Ok, understood- it seems like relay_crypt_one_payload is the place where this would happen, and instead of blocking, it would emit an event once the relay crypto finishes.

I'll dig more into https://trac.torproject.org/projects/tor/wiki/org/projects/Tor/MultithreadedCrypto, and will come up with a mini implementation plan for review.
C

Chelsea Komlo @chelsea · 6 years ago

Trac:
Owner: nickm to chelseakomlo
Status: accepted to assigned
S

Samdney @Samdney · 6 years ago

Add me as observer. I already spend some time with this. Maybe I can help :)

Trac:
Cc: N/A to Samdney
C

Chelsea Komlo @chelsea · 6 years ago

Ok, I have a start of a plan which I'm looking forward to discussing/further refining in Seattle. I took a large amount from https://trac.torproject.org/projects/tor/wiki/org/projects/Tor/MultithreadedCrypto but there are some things which are out of date (circuit priority logic, for example) so any further pointers on what is different between when that wiki was written and where we are today would be helpful.

Below is a pad with a high level plan/starting implementation ideas; I've also attached a high level (pretty rough, sorry!) proposed architectural diagram to this ticket. Looking forward to further discussion, particularly around the proposal to use Rust and any Rust/C integration issues that could be particularly painful, and also any better ideas about how to cleanly register/edge trigger events.

https://pad.riseup.net/p/MultiThreadedCrypto_ImplementationPlan-keep
C

Chelsea Komlo @chelsea · 6 years ago

Trac:
David Goulet @dgoulet · 6 years ago

I have few comment about the proposed design. This is something I thought about a while back but never got cycles to implement.

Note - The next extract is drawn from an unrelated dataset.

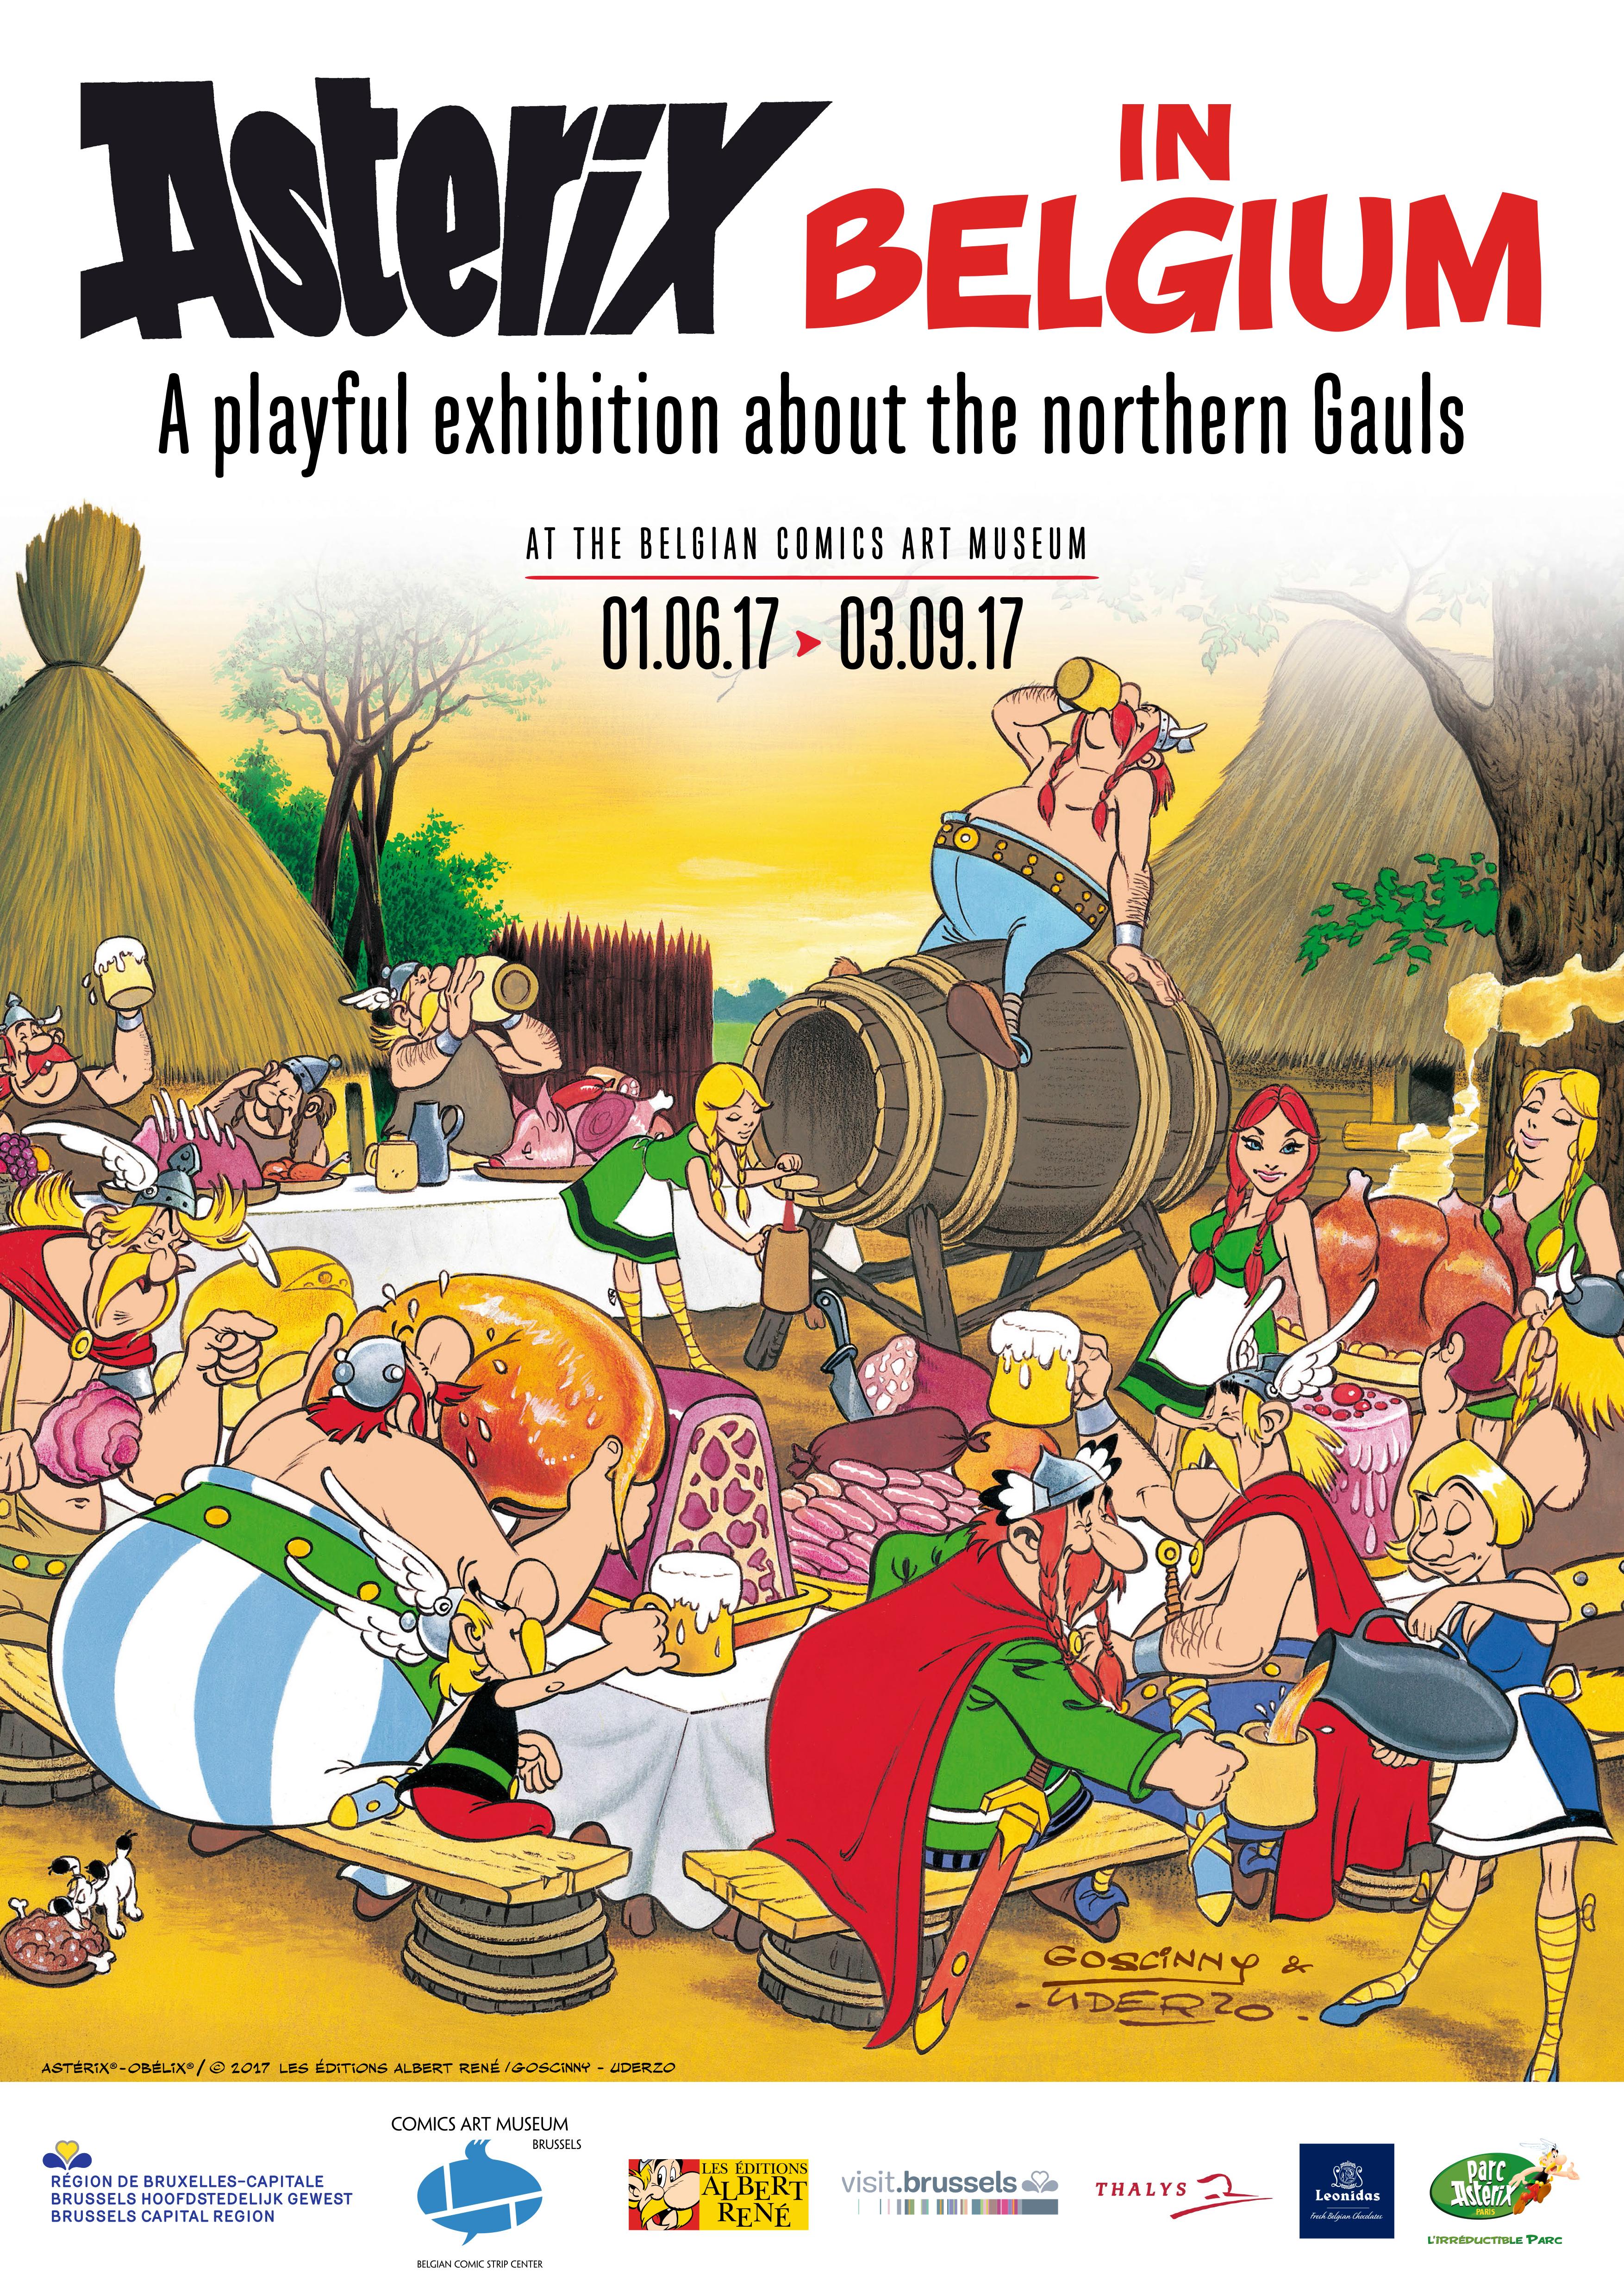 The great temporary exhibitions asterix in belgium the belgian asterix in altavistaventures Gallery
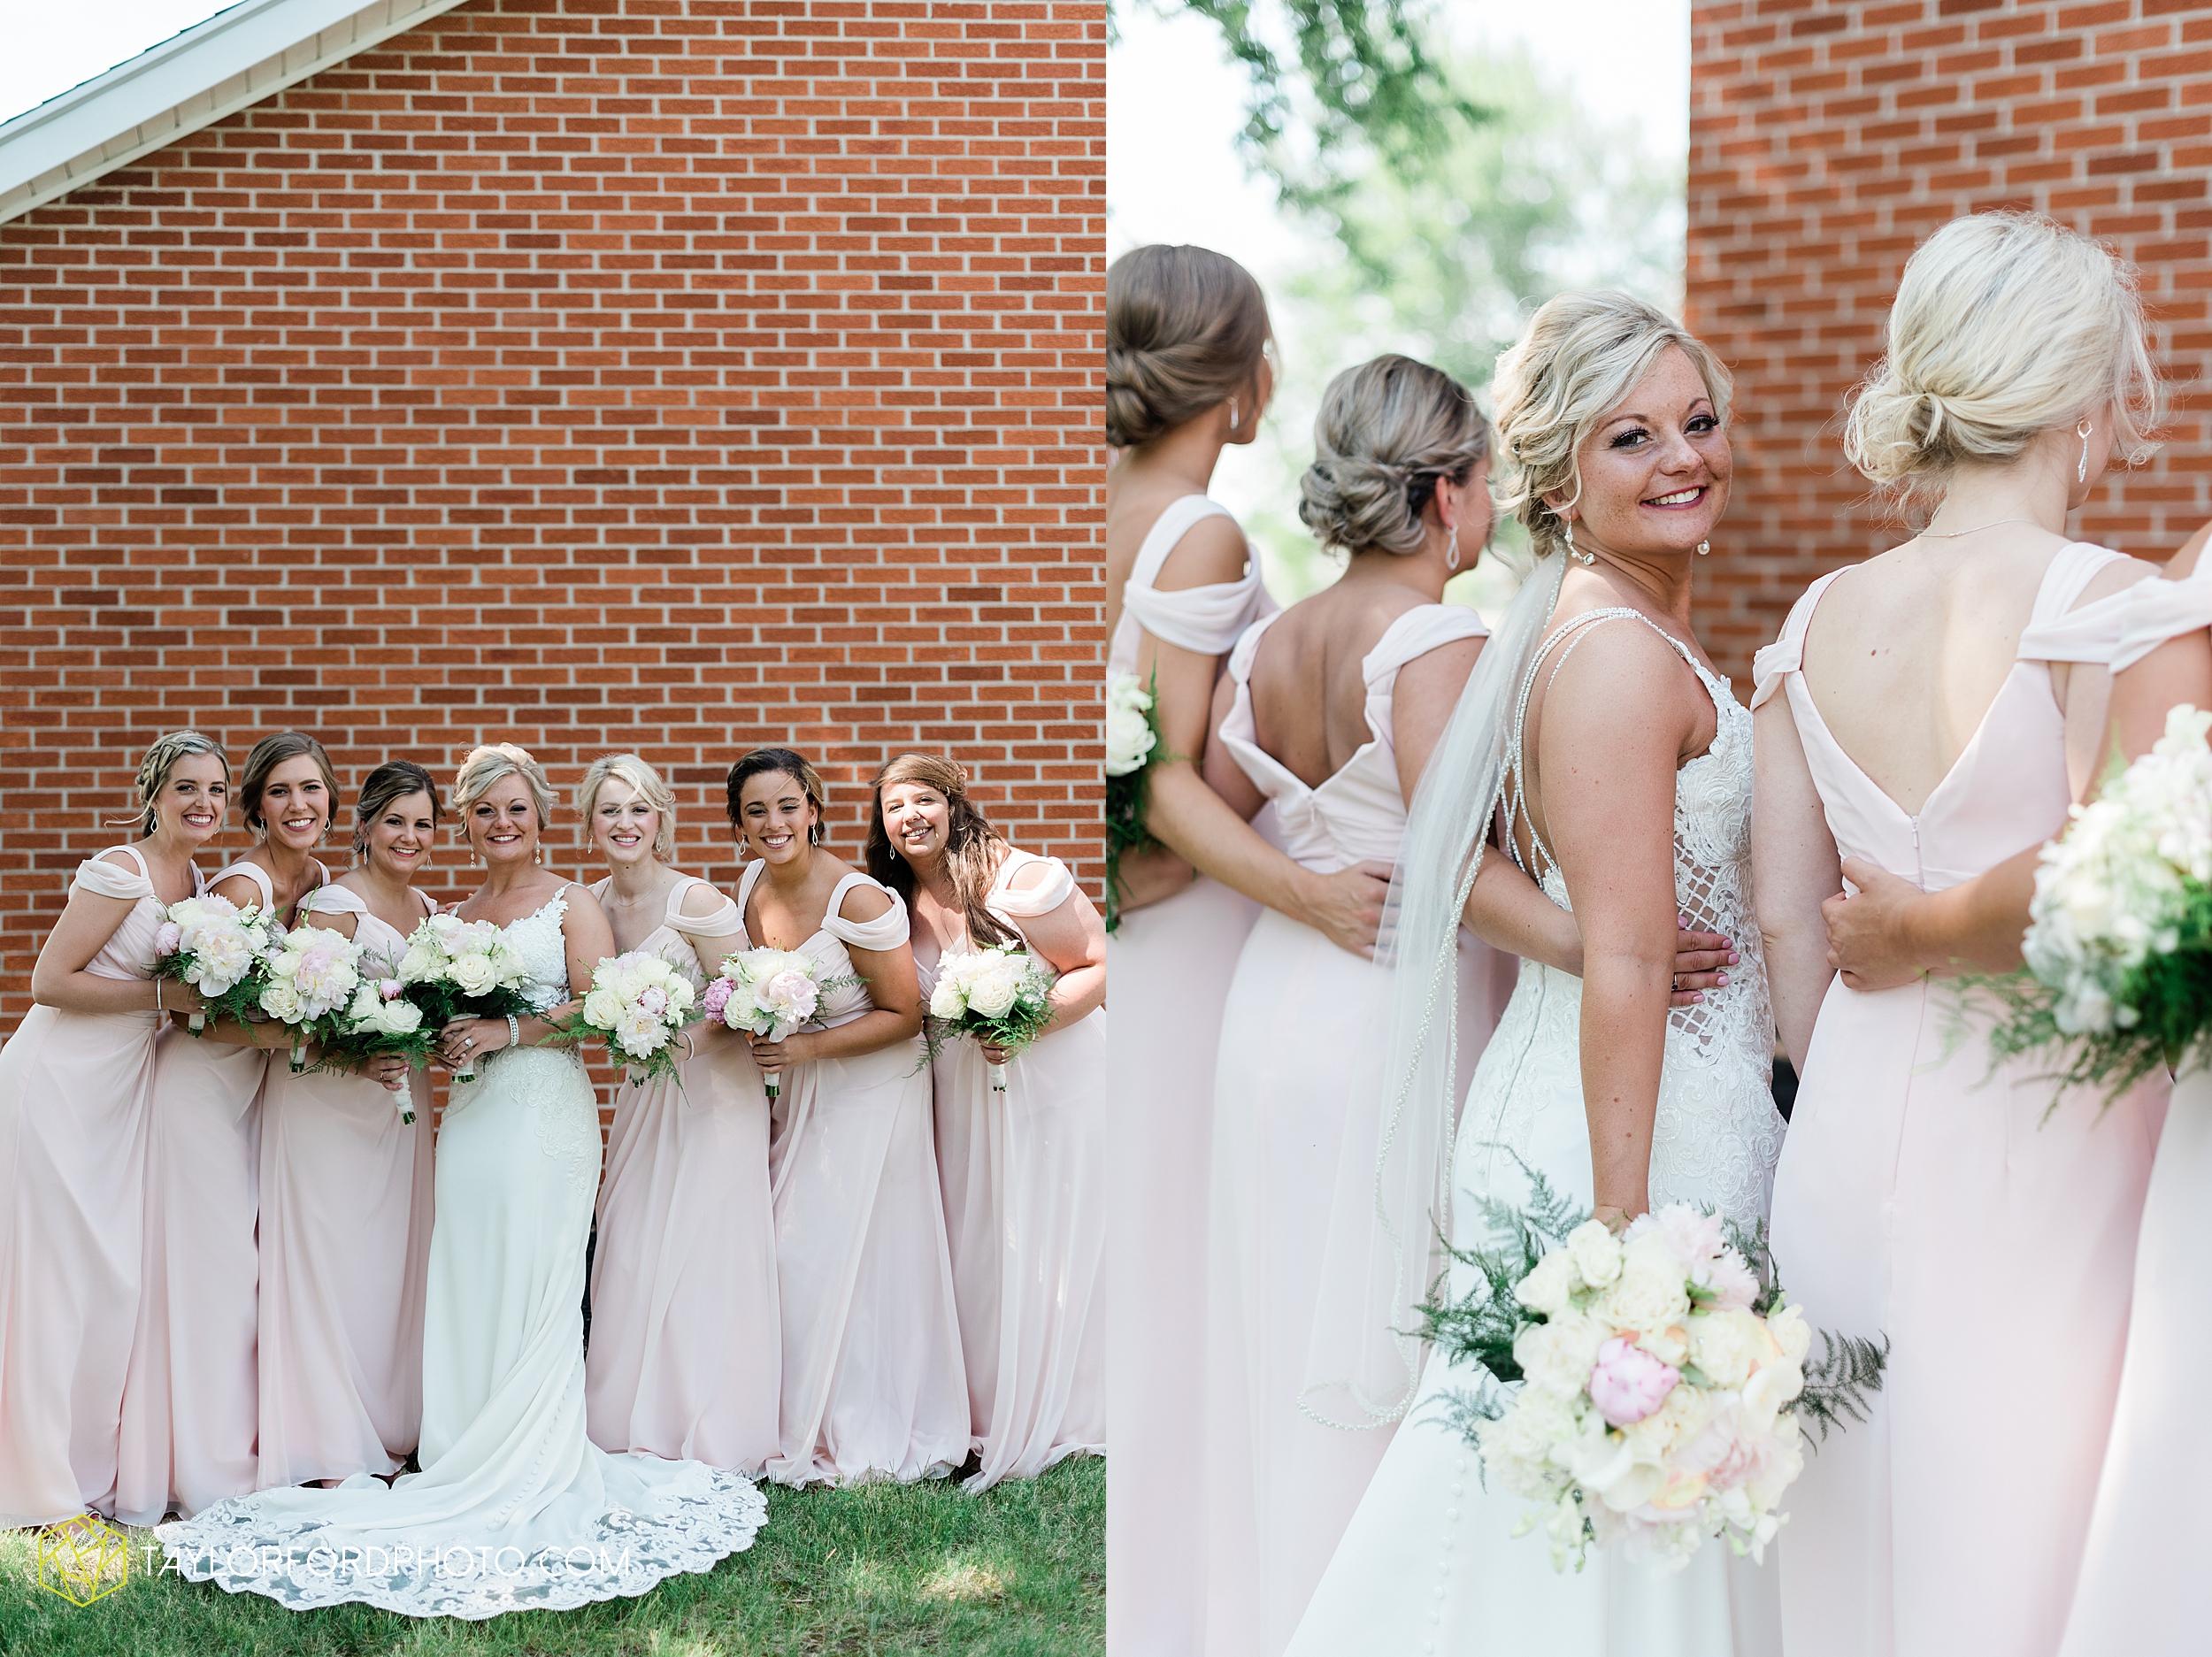 carly-trent-lima-elida-ohio-wedding-the-met-civic-center-reception-immanuel-united-methodist-church-photography-taylor-ford-hirschy-photographer_3354.jpg

Where should I discuss the plan? I would avoid using the ticket for that. I think a tor-dev@ thread would be ideal here?
H

Alex Xu @Hello71 · 6 years ago

one small thing: as I said on IRC, my informal profiling seems to show that a significant amount of CPU time is spent in the kernel networking stack, including TCP/IP and waiting for the network device. it's possible that that last bit is partially because of an old virtio-net though. it could potentially be easier to integrate recv multithreading at this point; or maybe not! maybe it would be easier (even in total) to just do crypto first, and then the other stuff.
C

Chelsea Komlo @chelsea · 6 years ago

Replying to Hello71:

one small thing: as I said on IRC, my informal profiling seems to show that a significant amount of CPU time is spent in the kernel networking stack, including TCP/IP and waiting for the network device. it's possible that that last bit is partially because of an old virtio-net though. it could potentially be easier to integrate recv multithreading at this point; or maybe not! maybe it would be easier (even in total) to just do crypto first, and then the other stuff.

That is a good point- this is a separate piece of work to this specific task though. However, it would probably be good to open an issue for "Recent profiling outcomes" so that we can take a closer look and track/make other issues for discoveries like this.
Nick Mathewson @nickm · 6 years ago

Author

Trac:
Milestone: Tor: unspecified to Tor: 0.3.5.x-final
Keywords: N/A deleted, 035-roadmap-master added
Nick Mathewson @nickm · 6 years ago

Author

Trac:
Keywords: N/A deleted, 035-triaged-in-20180711 added
Trac @tracbot · 6 years ago

Hello71, chelseakomlo: I've made such ticket some time ago: #23433 (moved).

Trac:
Username: Vort
Nick Mathewson @nickm · 6 years ago

Author

Trac:
Milestone: Tor: 0.3.5.x-final to Tor: unspecified
A

Arthur Edelstein @arthuredelstein · 6 years ago

Trac:
Cc: Samdney to Samdney, arthuredelstein
Trac @tracbot · 6 years ago

There are early plans to distribute crypto operations across multiple cores, but there might be a better way.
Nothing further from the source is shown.